RasterioIOError when using CDSE STAC API

Hi all,

I need someone’s help to understand what is going wrong in my workflow!

I am trying to read Sentinel-2 data through the CDSE STAC API and stackstac pyhton library and applying a workflow for snow classification as done here

S3_ENDPOINT = “eodata.dataspace.copernicus.eu”

ACCESS_KEY = “”
SECRET_KEY = “”

import os
os.environ[“AWS_S3_ENDPOINT”] = S3_ENDPOINT
os.environ[“AWS_ACCESS_KEY_ID”] = ACCESS_KEY
os.environ[“AWS_SECRET_ACCESS_KEY”] = SECRET_KEY

from shapely.geometry import shape
from shapely.geometry.polygon import Polygon

geometry = {‘type’: ‘Polygon’,
‘coordinates’: [[[-56.055536, -12.63809],
[-56.055536, -12.523493],
[-55.88178, -12.523493],
[-55.88178, -12.63809],
[-56.055536, -12.63809]]]}

bounds = shape(geometry).bounds

import pystac_client

CDSE_URL = “https://stac.dataspace.copernicus.eu/v1”
cat = pystac_client.Client.open(CDSE_URL)
cat.add_conforms_to(“ITEM_SEARCH”)

start_dt = “2025-07-01”
end_dt = “2025-07-30”

from shapely import to_geojson
import json

params = {
“collections”: [“sentinel-2-l1c”],
“intersects”: geometry,
“datetime”: f"{start_dt}T00:00:00Z/{end_dt}T23:59:59Z"
}

items = list(cat.search(**params).items_as_dicts())
print(f"Number of STAC items returned: {len(items)}")

import rioxarray
import stackstac

stack = stackstac.stack(
items=items,
resolution=(0.00025, 0.00025),
bounds_latlon=bounds,
epsg=4326,
gdal_env=stackstac.DEFAULT_GDAL_ENV.updated(
{
“GDAL_NUM_THREADS”: -1,
“GDAL_HTTP_UNSAFESSL”: “YES”,
“GDAL_HTTP_TCP_KEEPALIVE”: “YES”,
“AWS_VIRTUAL_HOSTING”: “FALSE”,
“AWS_HTTPS”: “YES”,
}
),
)

stack.load()

The code is working well but when applying on a long time-series (the idea is to run it for all the Sentinel-2 era) it turned out that I started to get errors like this when loading the lazy dataset into memory. A random example here:

RuntimeError: Error reading Window(col_off=1024, row_off=1024, width=226, height=676) from ‘s3://eodata/Sentinel-2/MSI/L1C_N0500/2023/01/03/S2B_MSIL1C_20230103T143729_N0510_R096_T19HCB_20240811T114613.SAFE/GRANULE/L1C_T19HCB_A030438_20230103T144503/IMG_DATA/T19HCB_20230103T143729_B08.jp2’: RasterioIOError(‘Read failed. See previous exception for details.’)

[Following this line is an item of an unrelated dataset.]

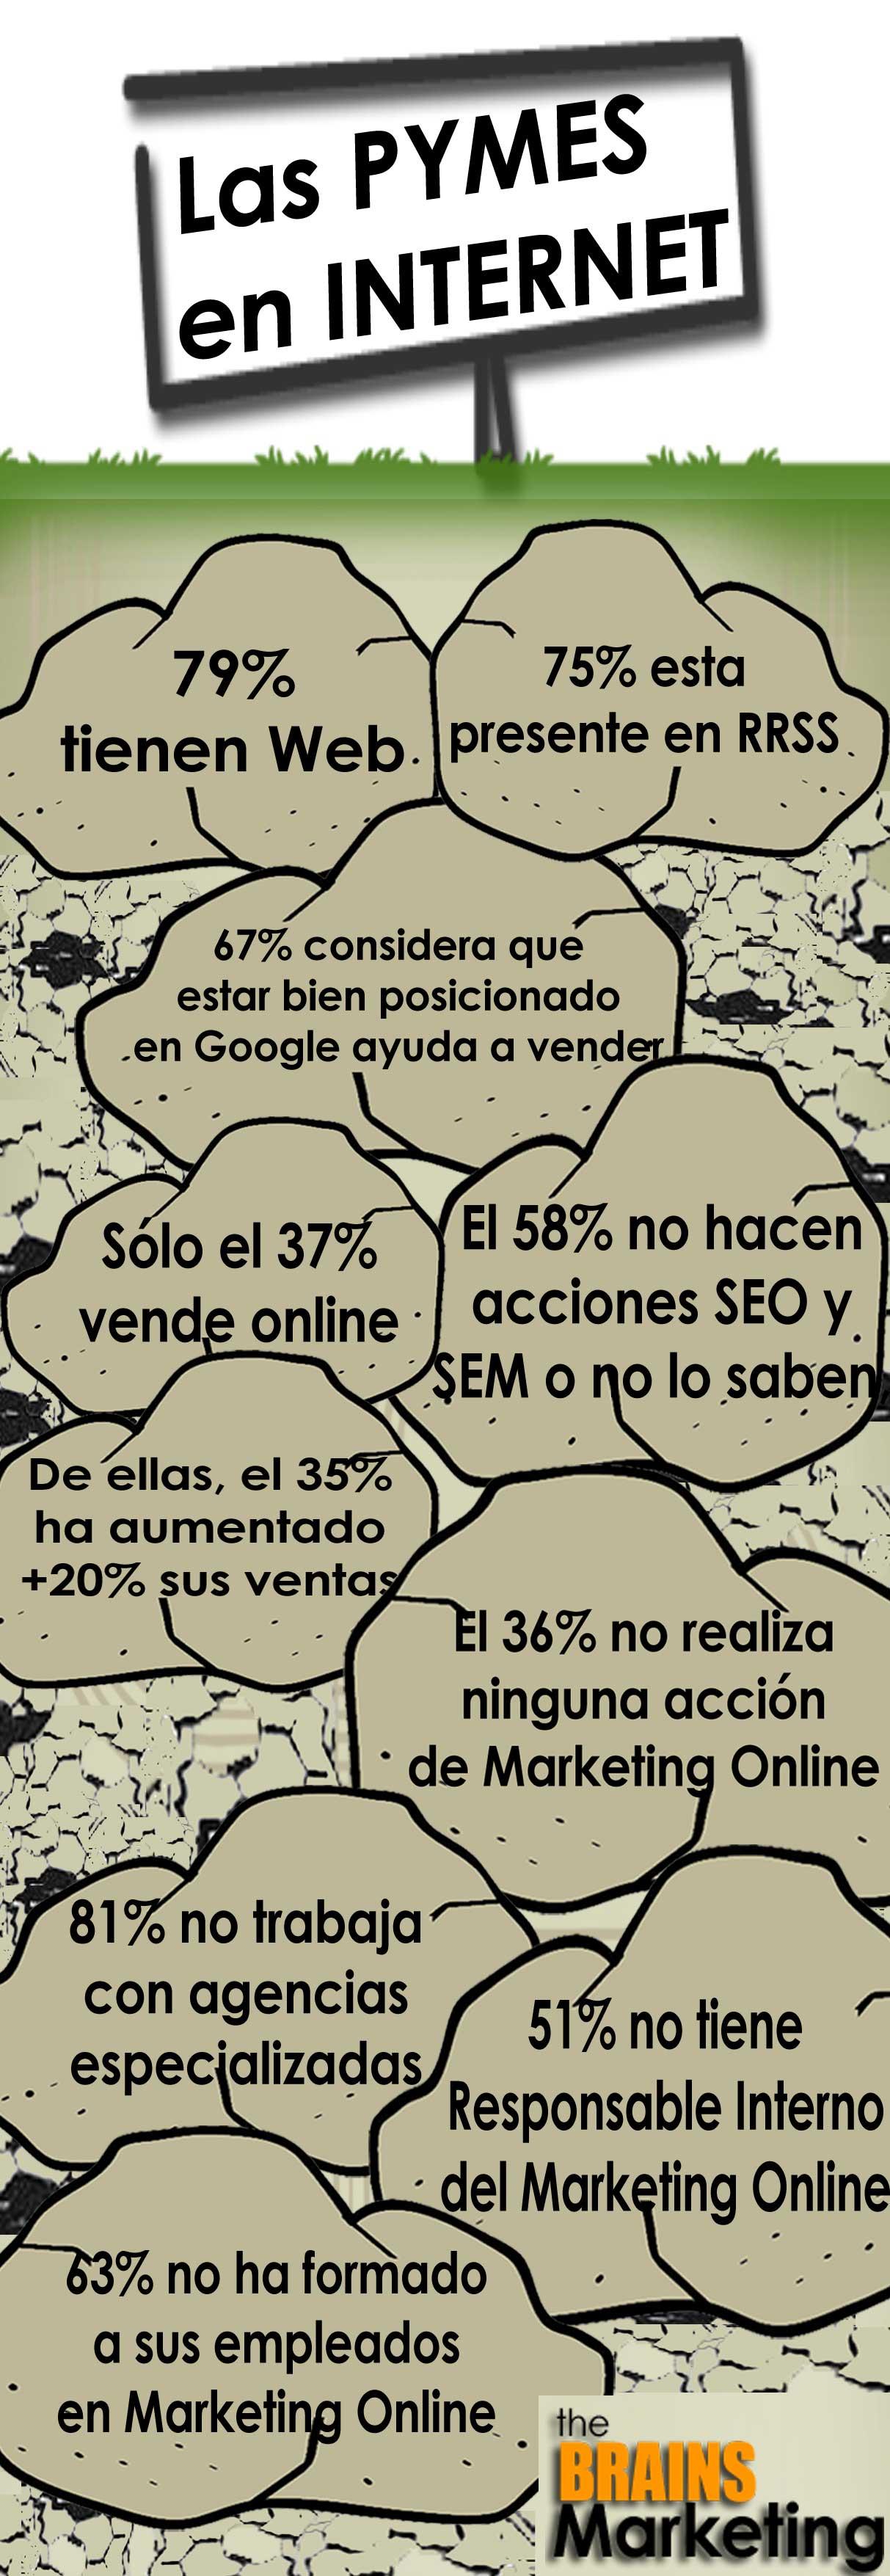 Se toman en serio las PYMES Internet?

see opened issue in the CDSE forum https://forum.dataspace.copernicus.eu/t/stac-api-rasterioioerror/4884

This appears on random dates. I have inserted a loop to retry the data loading and after some retrials, sometimes works, sometimes not and I have the impression the more dates I process, the more frequent is the error. So I suspect an issue linked to some access limitations.

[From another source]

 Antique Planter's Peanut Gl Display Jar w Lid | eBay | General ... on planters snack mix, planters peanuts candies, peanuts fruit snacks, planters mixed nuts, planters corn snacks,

If someone could give some some hints, I would really appreciate!!

Thanks in advance

Valentina

it works for me in generic cli fwiw - sometimes read might fail for network reasons I guess, maybe this gives you confidence that it can work

AWS_ACCESS_KEY_ID=$CDSE_KEY AWS_SECRET_ACCESS_KEY=$CDSE_SECRET AWS_VIRTUAL_HOSTING=FALSE AWS_S3_ENDPOINT=eodata.dataspace.copernicus.eu  

gdal raster clip --window 1024,1024,226,676 /vsis3/eodata/Sentinel-2/MSI/L1C_N0500/2023/01/03/S2B_MSIL1C_20230103T143729_N0510_R096_T19HCB_20240811T114613.SAFE/GRANULE/L1C_T19HCB_A030438_20230103T144503/IMG_DATA/T19HCB_20230103T143729_B08.jp2 outtest.tif0…10…20…30…40…50…60…70…80…90…100 - done in 00:00:41.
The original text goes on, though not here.